The Three Fs of event log monitoring
This is one of a series of posts to share some techniques that I wrote about in Web Operations Dashboards, Monitoring, and Alerting. In this article, I’m going to talk about the Three Fs of event log monitoring.
When you first start collecting event logs, it is likely that you will be inundated with a large volume of irrelevant logs. Don’t worry though, because the Three Fs are your path to event log joy.
The Three Fs
Just pick the most frequently occurring event in your combined log and decide which of these three actions to take:
Let’s take a quick look at each of these actions.

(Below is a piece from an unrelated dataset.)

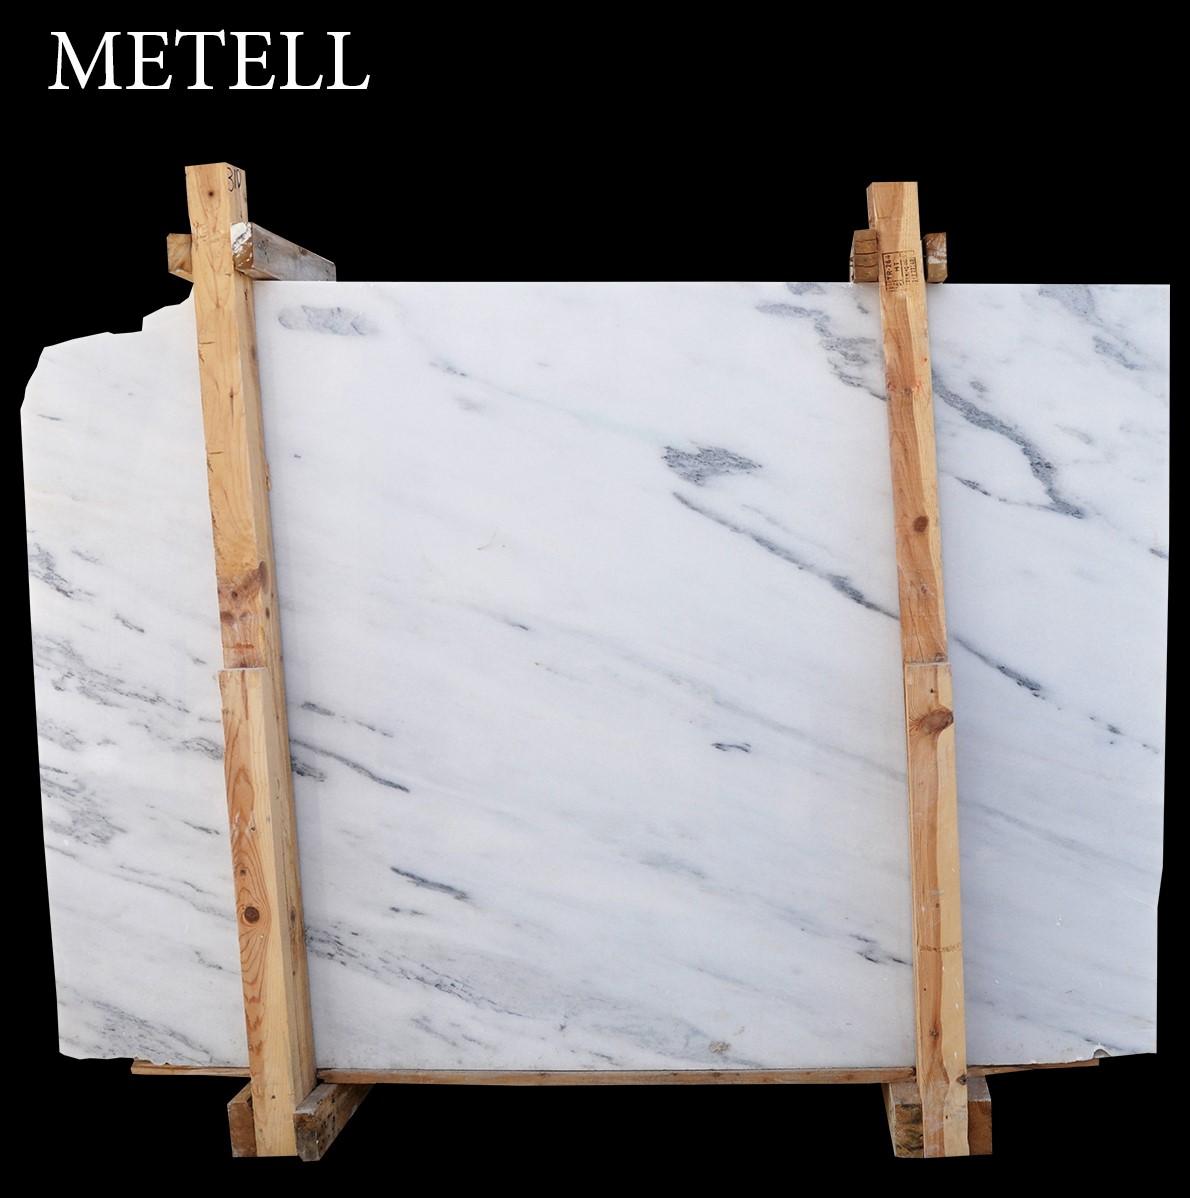 Mugla White Marble Slabs  Metell Slabs

If the event log entry isn’t very useful, because it doesn’t contain enough information, you need to finesse it. Arrange for better quality information to be included in the log entry by improving your logging.
I worked in an organisation where we had a simple rule. If you couldn’t tell a colleague exactly what a problem was just by looking at a single event log entry, that event log entry wasn’t paying for its own storage space. Within six months, people could fix an issue in their head without even looking at a line of code, because the event log was so beautifully crafted.
Finessing takes you from “500 Internal Server Error”, to “The attempt to connect to the primary database from web server 5 timed out after 30 seconds while trying to load Promotions for user id 187 on line 52 of the Promotions Controller: 52 promotionQueries.GetPromotionsForUser(userId);”. Basically, there is a time and a place for abstractions, but your error messages is not one.
Once you have a nice, clear, concrete error message – your next course of action is to fix the error. This is a nice simple one, but one that is often done prematurely. Don’t jump to the fixing stage before you have completed the finesse stage. That two-hour forensic investigation that led you to discover the underlying problem will have to be repeated if you haven’t improved the error message.
Fixing the error should mean the number of instances reduces (the error has more cases that you first thought), or that the error is gone for good. Hooray. Break the emergency glass and retrieve the key to the celebration fridge.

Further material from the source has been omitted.